Le tournoi

The Peace Cup tournament

Le tournoi de la Coupe de la Paix a été organisé par le Programme transitionnel de démobilisation et réintégration (TDRP), au sein de l'Unité États fragiles, conflits et développement social dans la région Afrique de la Banque mondiale. Son but était de favoriser la réconciliation dans les communautés ayant énormément souffert de la violence, redonner un sentiment de fierté et d'appartenance aux participants à travers le pouvoir fédérateur du sport. Divisés par des années de guerre et de conflits, des jeunes hommes issus de quatre pays d'Afrique sont réunis par leur passion commune pour le football.

Au cours du printemps et de l'été 2012, 41 équipes de football à travers le Burundi, la République démocratique du Congo, le Rwanda et l'Ouganda se sont affrontées dans des championnats nationaux. (Du fait du conflit qui perdure dans ce pays, les joueurs de l'équipe de la RDC ne sont pas présents dans ce film.) Dans chaque équipe, la moitié des joueurs étaient des ex-combattants, l'autre moitié était constituée de membres de la communauté. Les ex-combattants étaient soit des soldats de l'armée, soit des rebelles issus de divers groupes armés.

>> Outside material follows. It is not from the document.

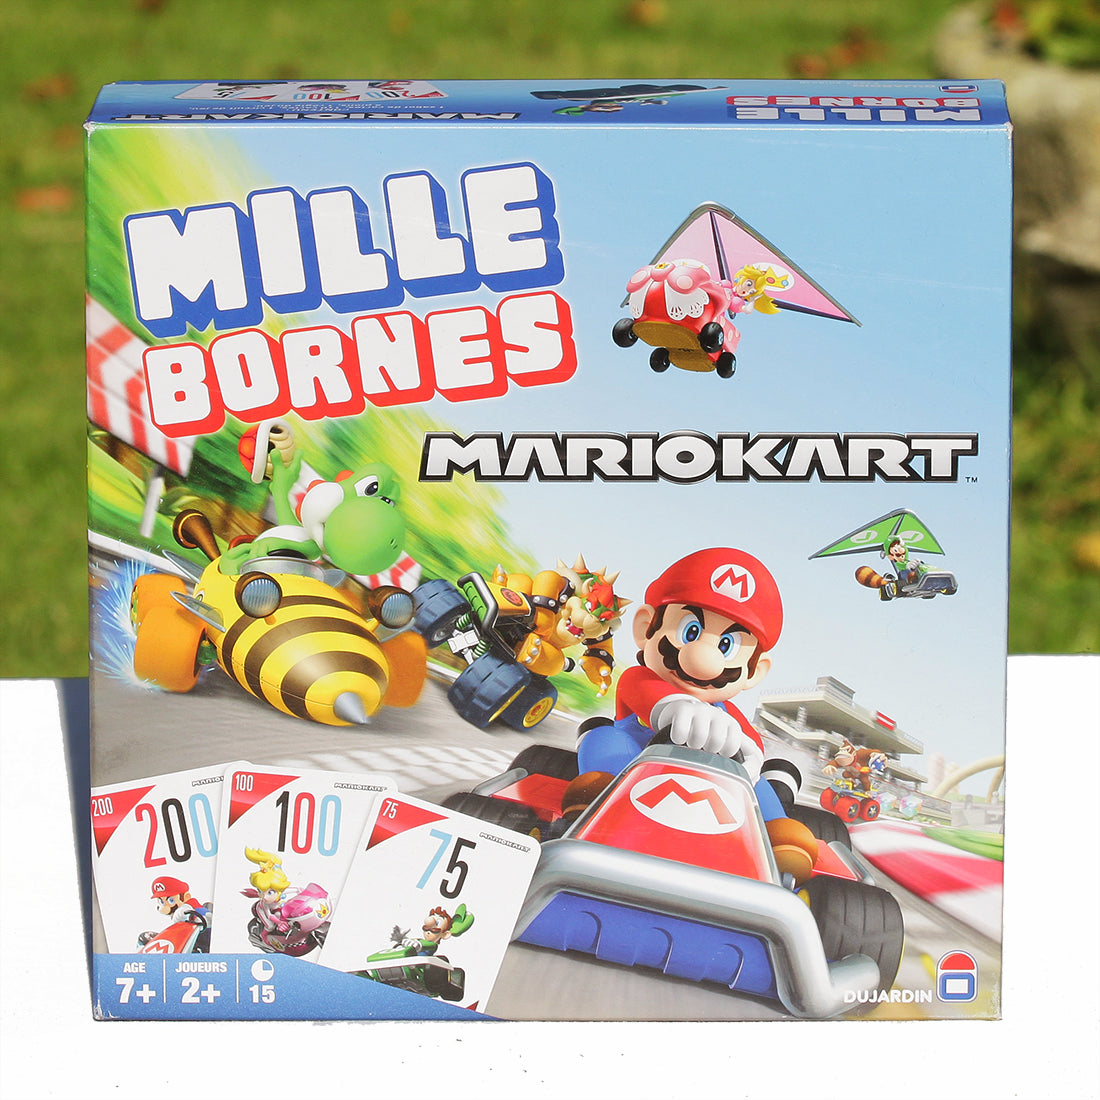 Milles Bornes Mario Kart

Certains s'étaient engagés volontairement, d'autres avaient été kidnappés et enrôlés de force. Les commissions de démobilisation et de réintégration du Burundi et du Rwanda ont organisé les matches dans ces pays, tandis que des ONG se sont chargées de l'organisation du tournoi en RDC et en Ouganda.
Les équipes championnes des quatre pays se sont retrouvées les 21 et 22 septembre sur le terrain de sport de l'Université Markerere de Kampala, en Ouganda, pour se disputer la Coupe. Les équipes provenaient respectivement d'Uvira, en République démocratique du Congo, de Bubanza, au Burundi, de Kigali, au Rwanda et de Gulu, en Ouganda. Le Burundi l'a emporté par 2 buts à 1 contre l'Ouganda en dépit de l'avantage de ces derniers qui jouaient à domicile.

Il ne s'agissait pas simplement, dans ce tournoi, du droit d'être reconnus vainqueurs d'un match de foot. La Coupe de la Paix a démontré que la stigmatisation sociale de ceux qui avaient participé aux combats disparaissait grâce aux bienfaits d'une action sociale collective humanisante tant pour les ex-combattants que pour leur communauté d'accueil. C'est ce qui, à son tour, peut contribuer à la restauration d'un tissu social déchiré par des années de conflit violent.

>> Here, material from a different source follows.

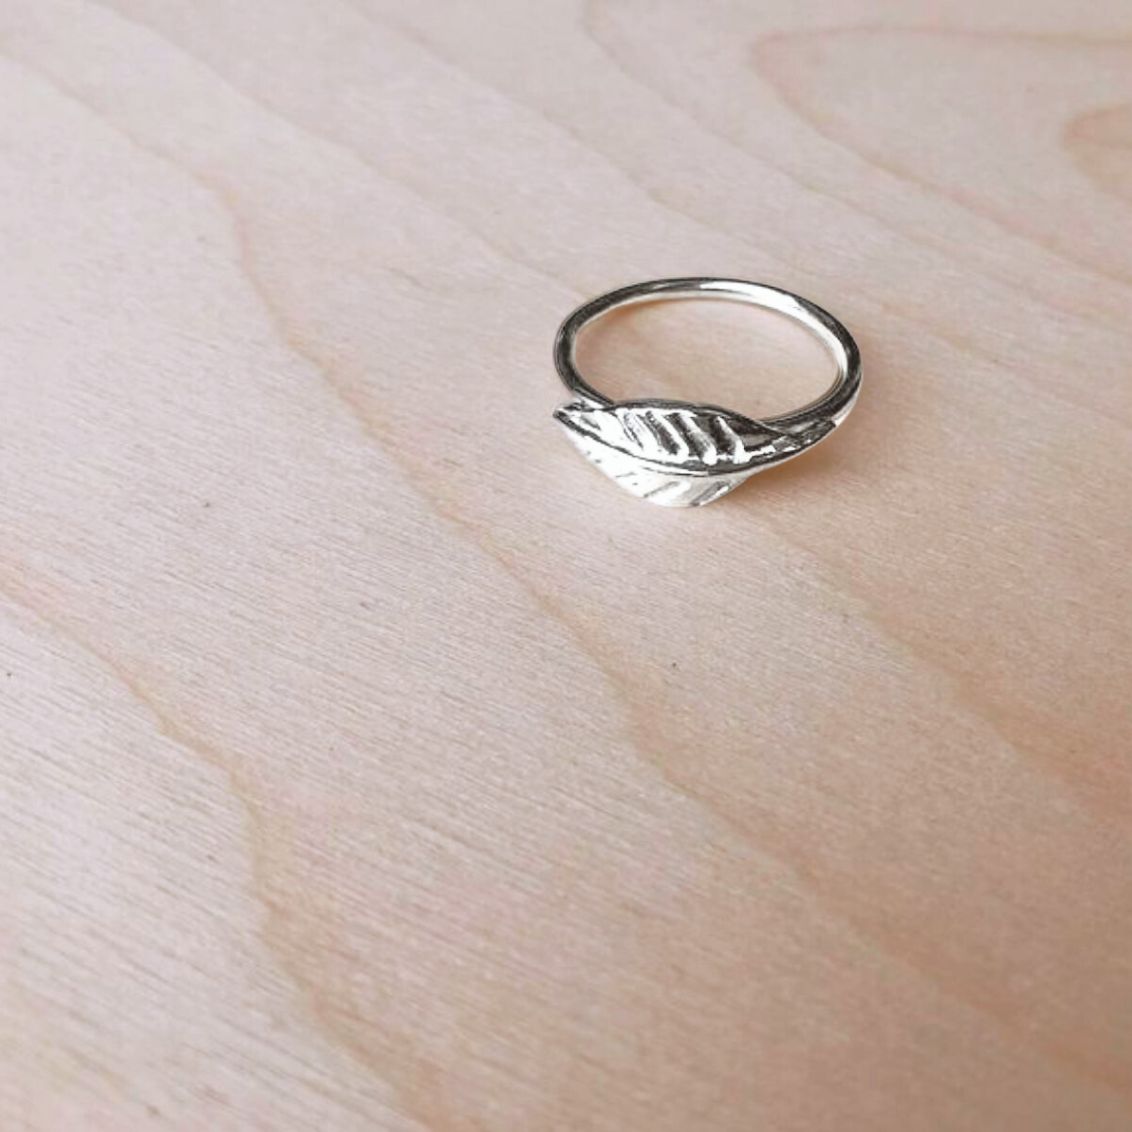 Carved Leaf Ring

La Coupe de la Paix a également prouvé que le football n'est pas qu'un sport, mais constituait également un outil aisément disponible pour lutter contre la discrimination et créer un environnement où tous se sentent égaux. Louis Emmanuel Oloyotoo Okello du Football club de Winterbury à Gulu, exprime simplement sa joie : « Je suis ravi de participer à la Coupe de la Paix. Mon coéquipier Zar, je lui passe le ballon, il me le passe. Je ne le considère pas comme un ancien soldat. »

Lorsque les joueurs du Burundi et de l'Ouganda se sont salués avant le match de la finale, le passé était bien loin. Seule comptait la devise de la Coupe de la Paix : « Jeunesse, Paix, Développement ».